If you haven’t bought a house already, consider doing so as a source of equity and a place to live in retirement. If you have a mortgage, periodically compare your interest rate to current market rates. If current rates are lower, you may want to consider refinancing. Also consider the amount you will save if refinancing. After all, a 1% drop in interest rates will save you much more on a $500,000 mortgage than one for $100,000.
As you get closer to retirement, consider reducing stock investments and adding more conservative, income-producing investments.
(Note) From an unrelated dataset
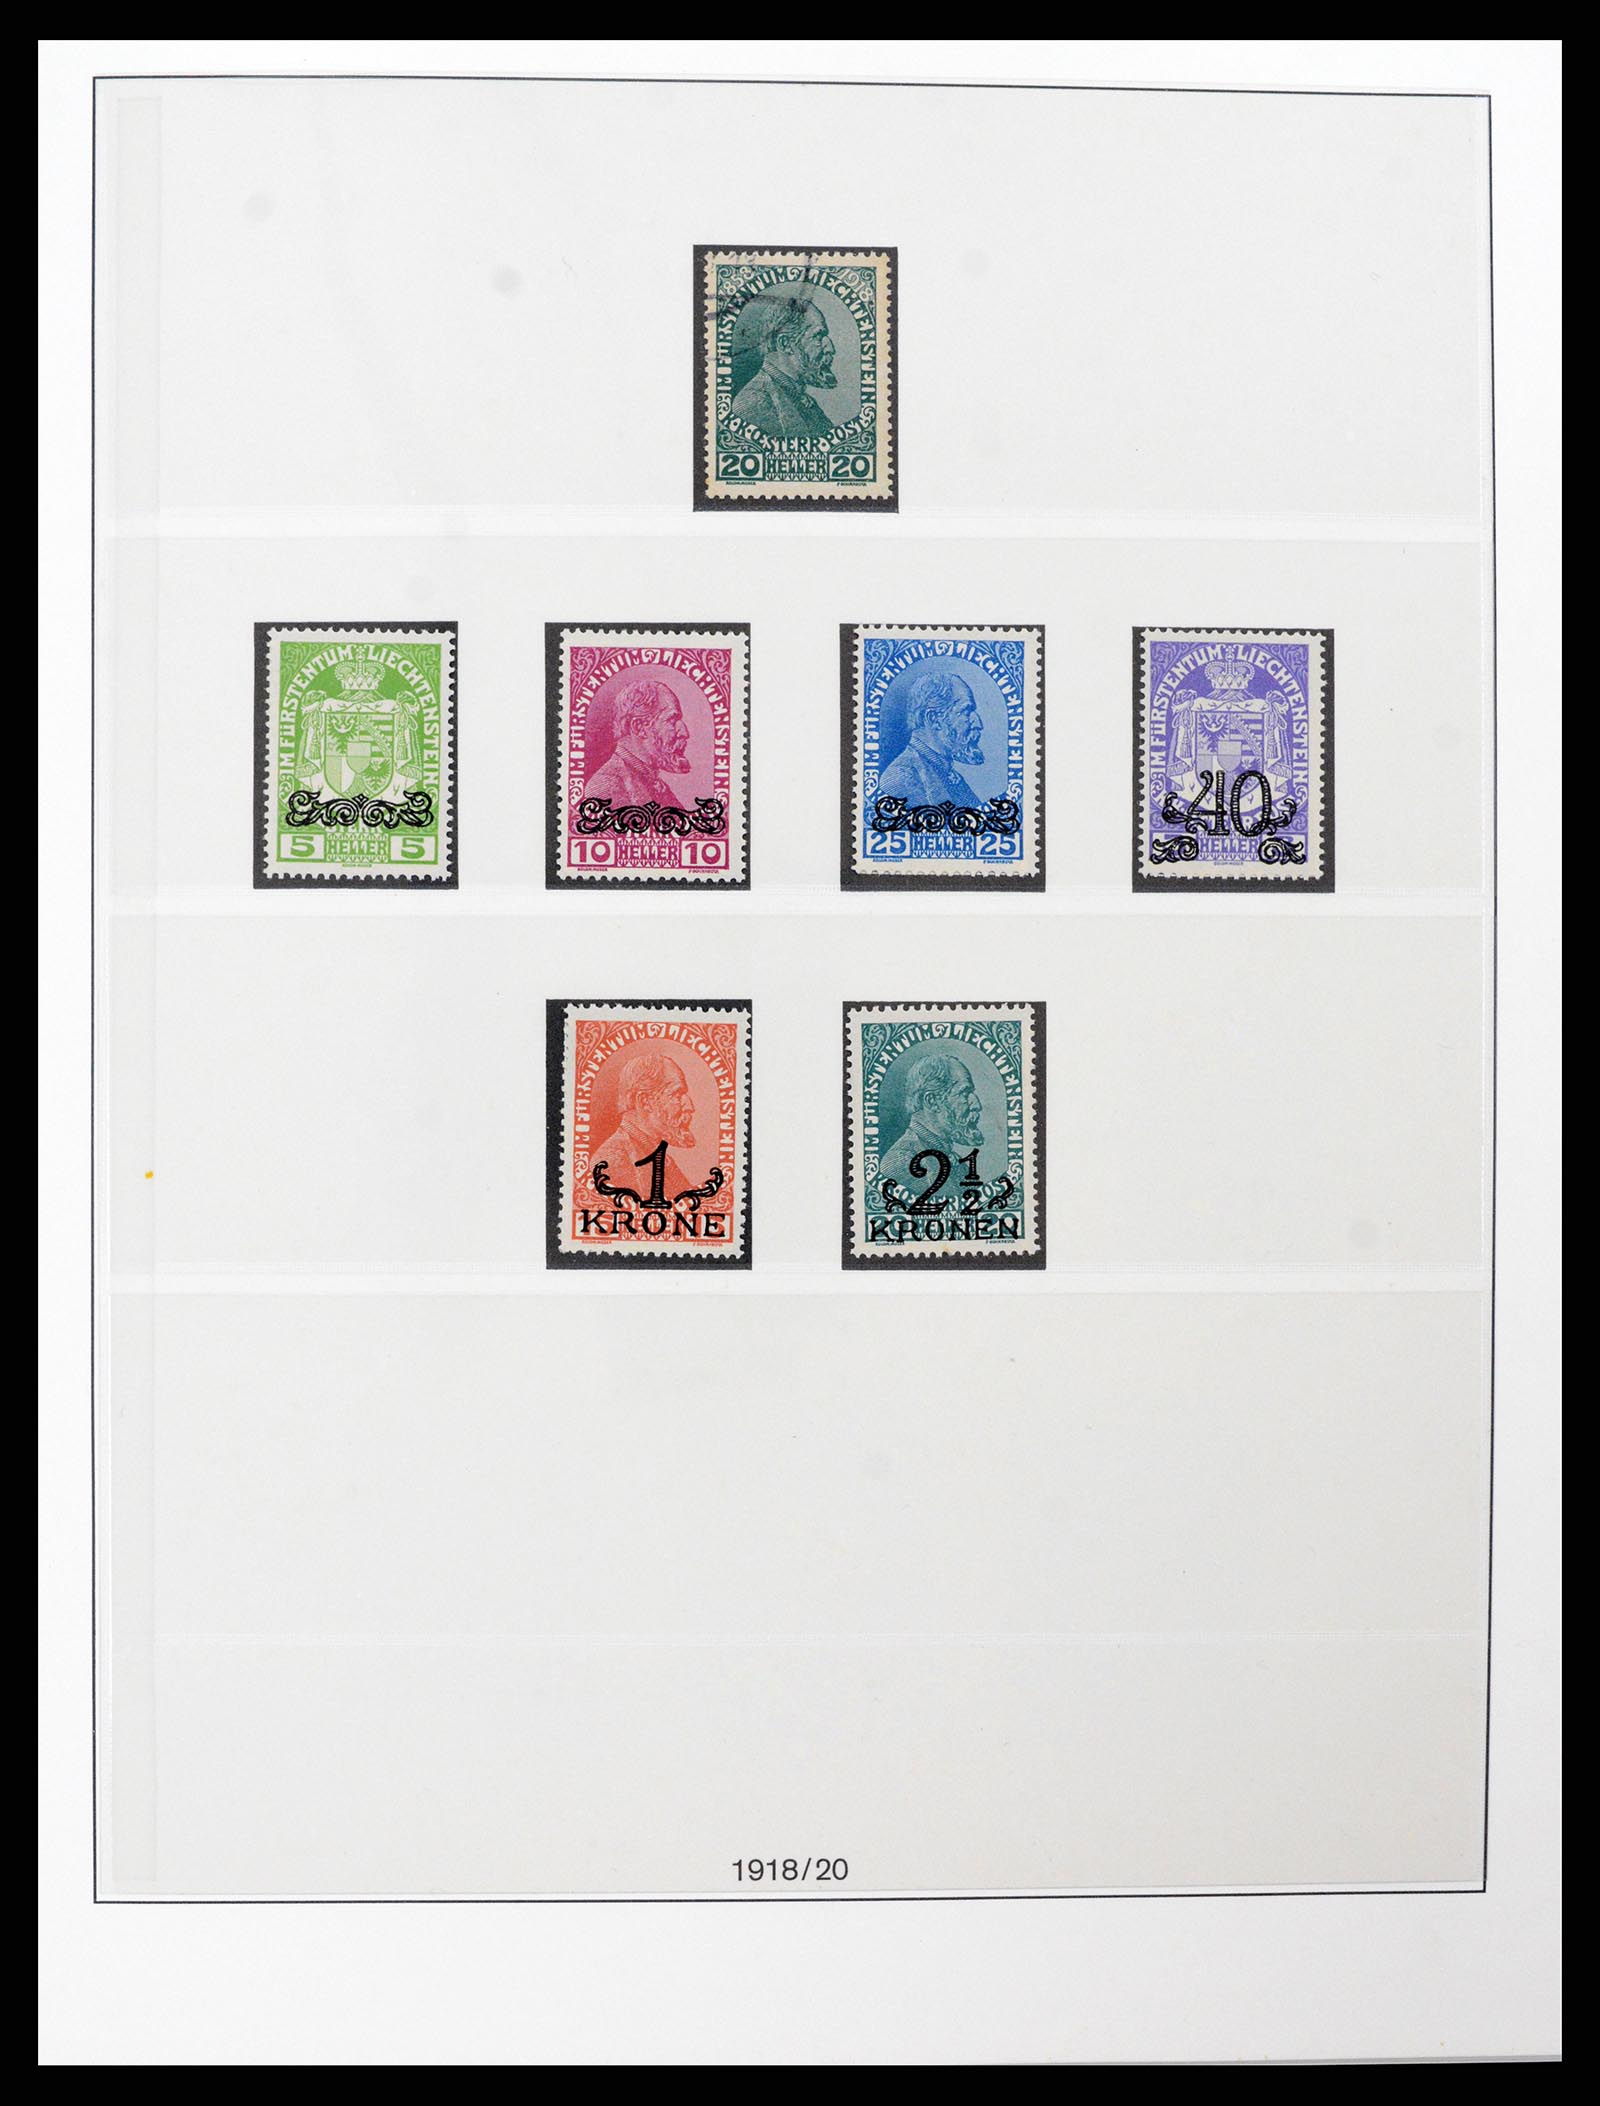 37293 002 - Stamp collection 37293 Liechtenstein 1912-2003.

Possible portfolio: 50 to 70 percent in stocks or stock mutual funds and most of the rest in CDs, bonds, bond funds or money market accounts.
As you enter your 60s, Deborah Fowles recommends that you continue to fine-tune your projections and your asset allocations. Obtain an estimate of your Social Security benefits from the Social Security Administration based on your expected retirement date. Benefits are reduced if you take early retirement. Research your Medicare options and be sure to enroll by the time you reach age 65. If you retire before the age of 65, be sure you have medical insurance to cover you until you’re eligible for Medicare.
Fowles says now is the time to start thinking about how you’ll take your retirement assets. Will you consolidate all of your investments for easy record keeping? Will you take a lump sum distribution or an annuity? Because the order in which you withdraw your funds (whether you withdraw interest, dividends, or capital gains first) can have a significant impact on taxes, it may be wise to consult a tax advisor before making this decision.